**Task directions**
Leave the pictures out. Return the rest of the listing below exactly.

**Data section**

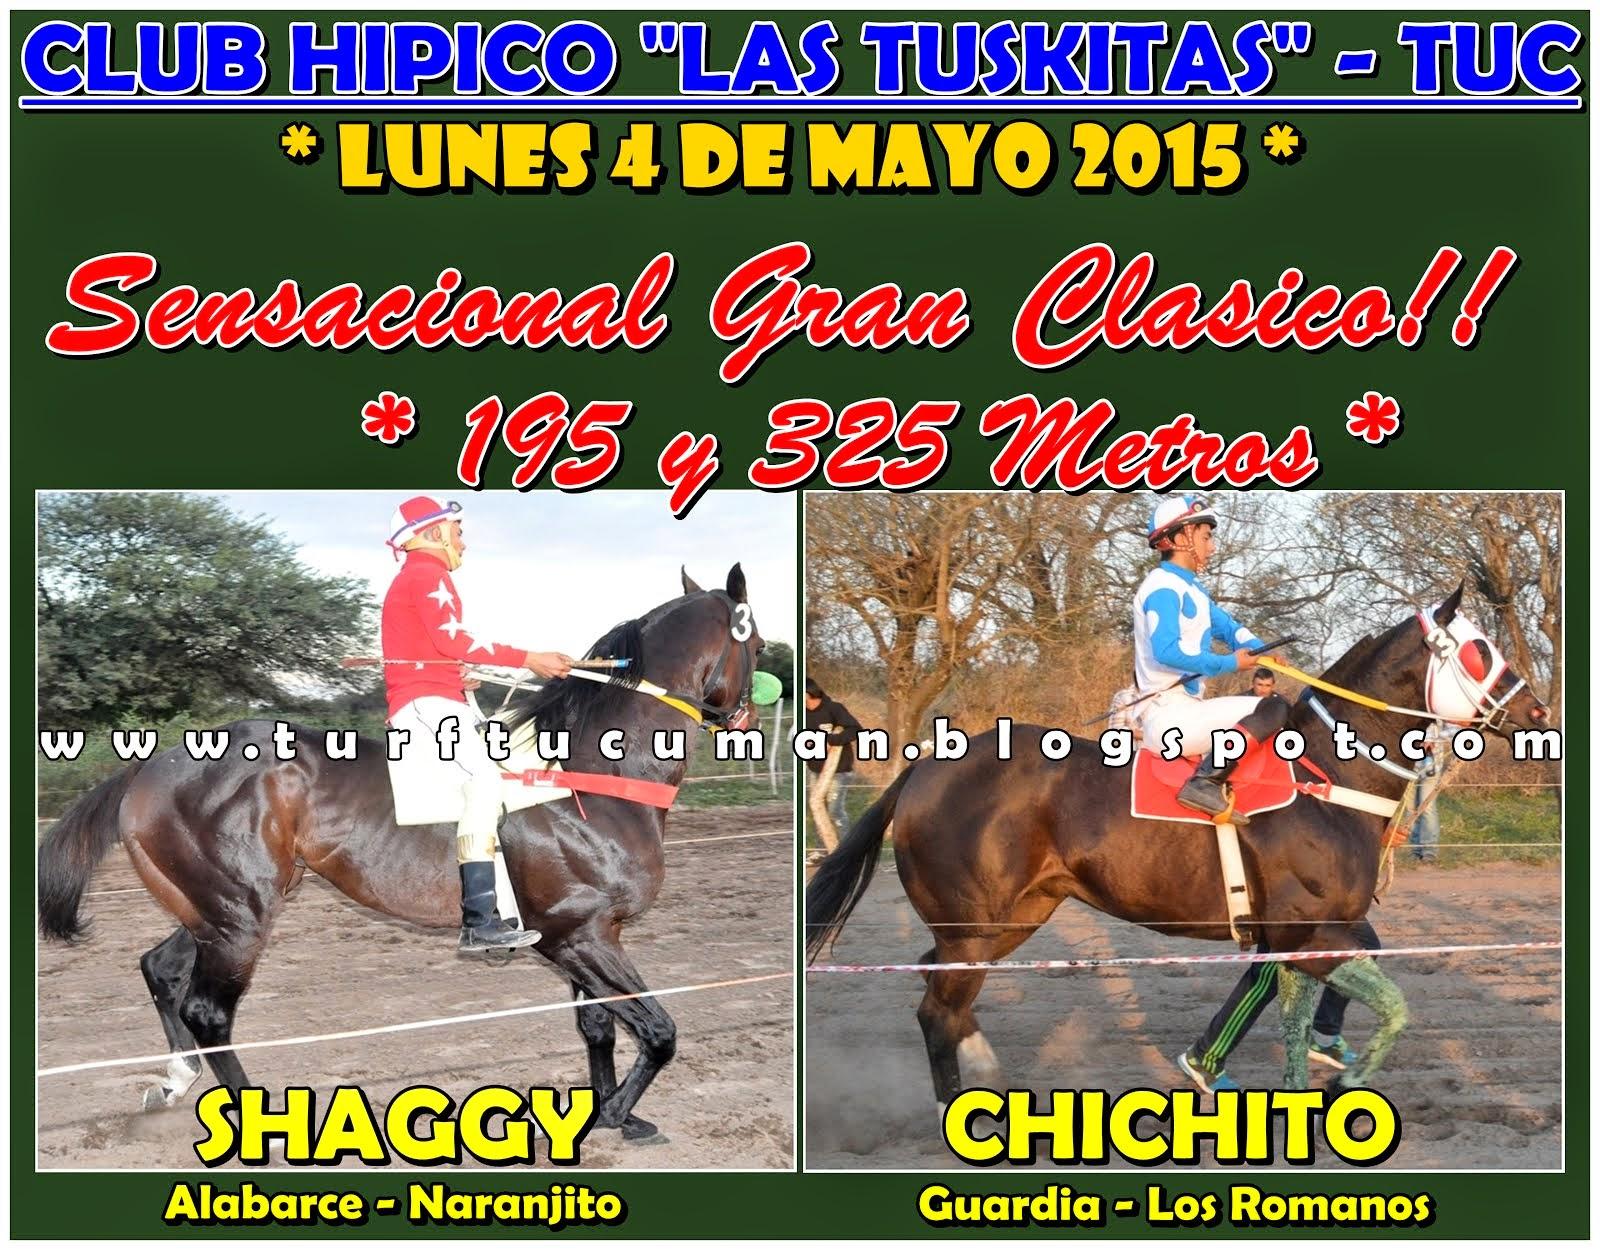 SHAGGY VS CHICHITO
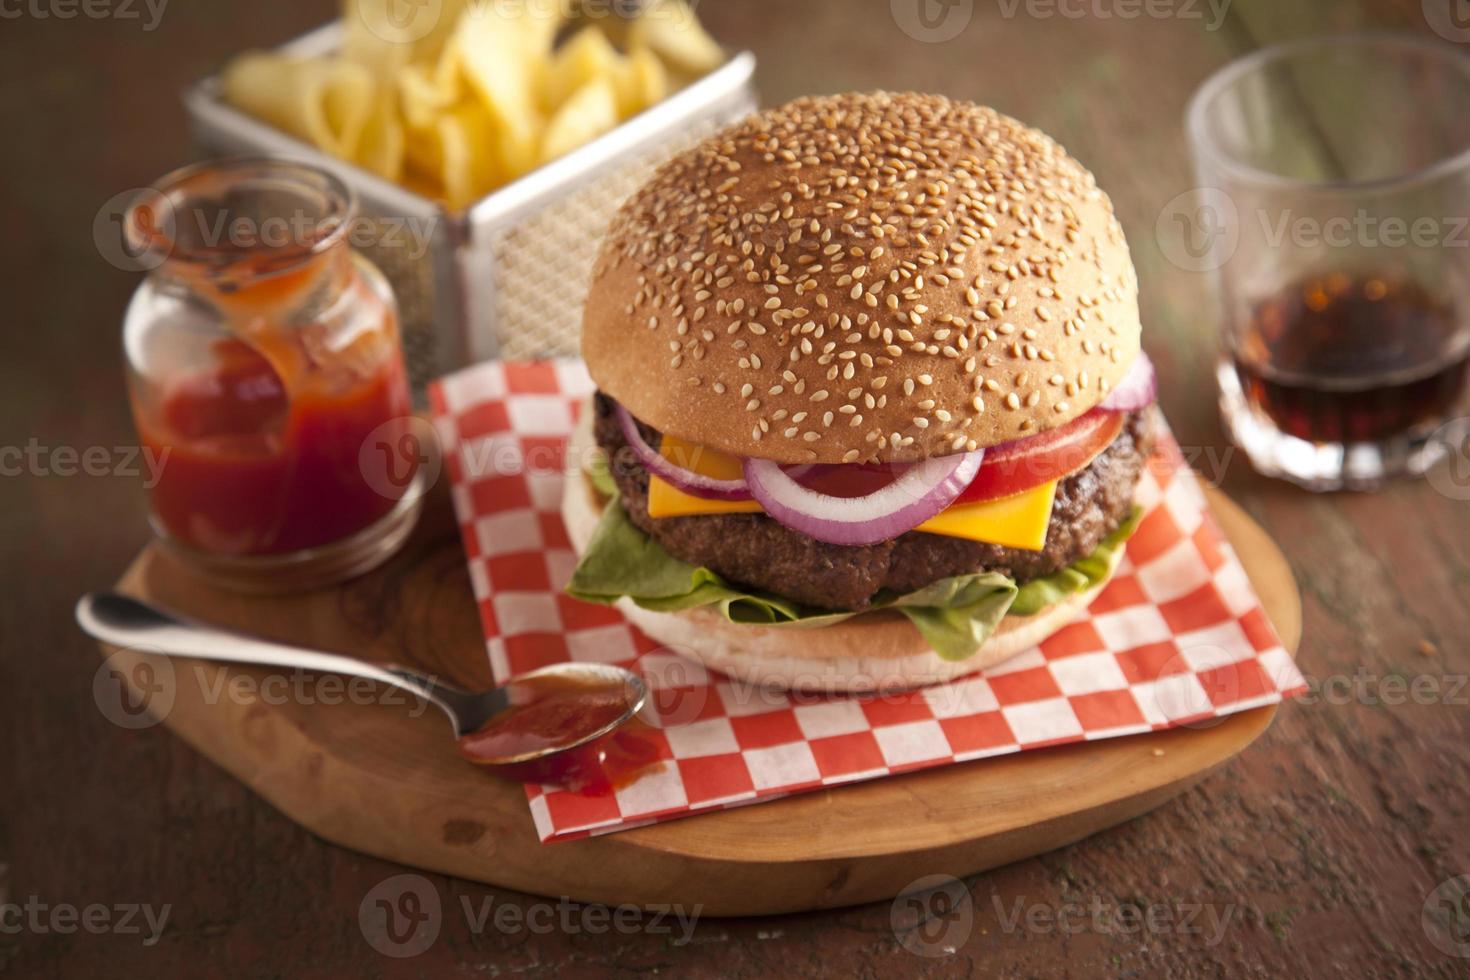 clássico cheeseburger cebola, tomate e picles pão de gergelim. foto
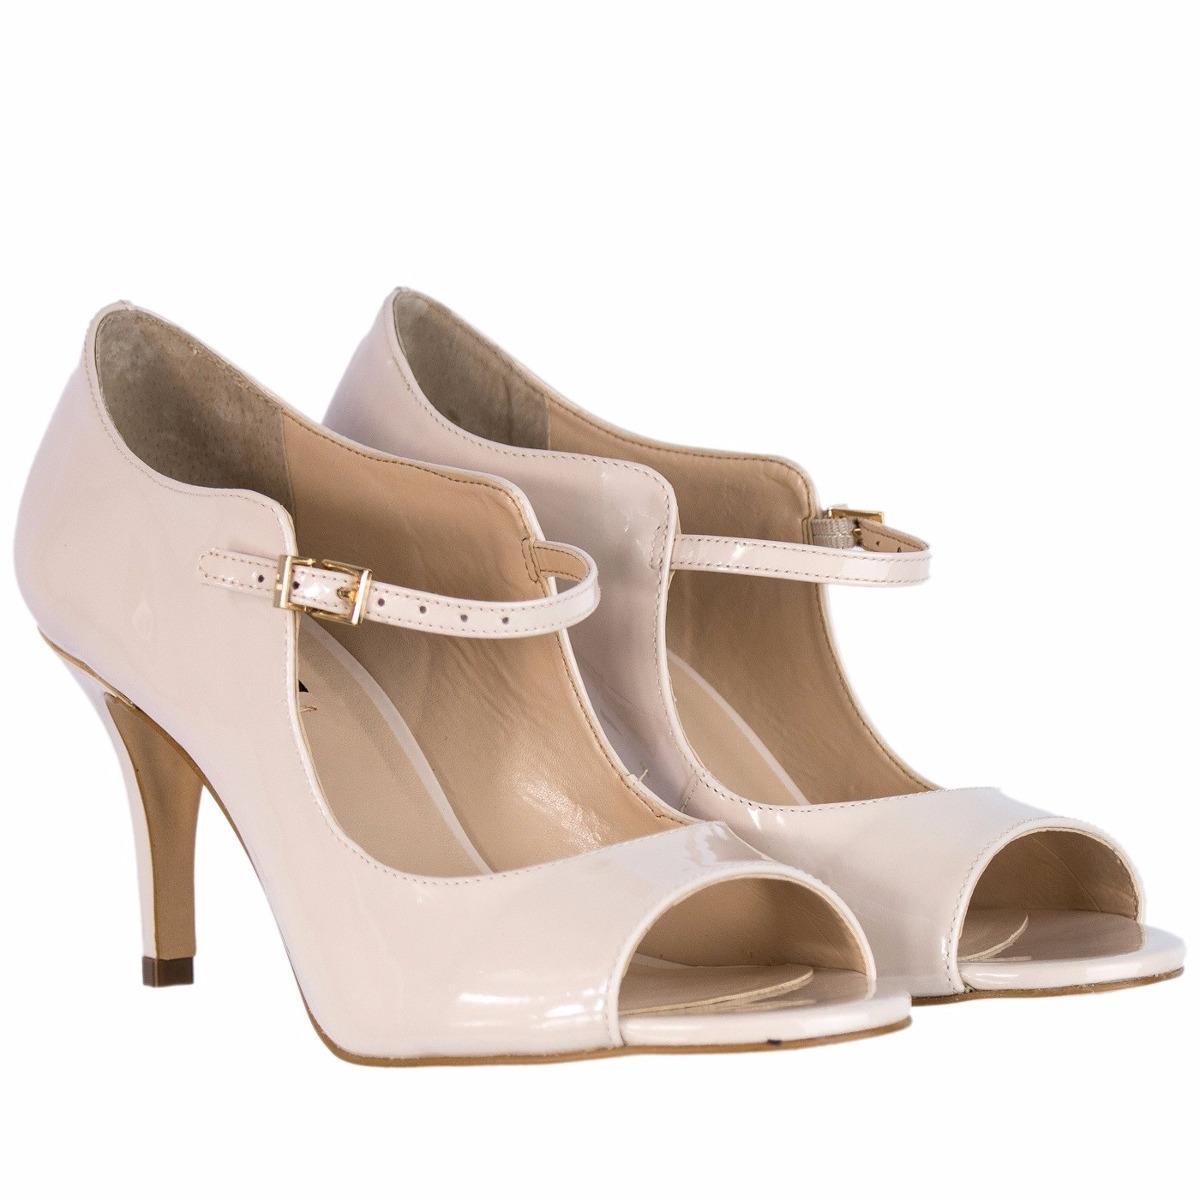 c88c7a8671 sapato peep toe feminino jorge bischoff verniz salto médio. Carregando zoom.

**Solution for this task**
 SHAGGY VS CHICHITO
 clássico cheeseburger cebola, tomate e picles pão de gergelim. foto
 c88c7a8671 sapato peep toe feminino jorge bischoff verniz salto médio. Carregando zoom.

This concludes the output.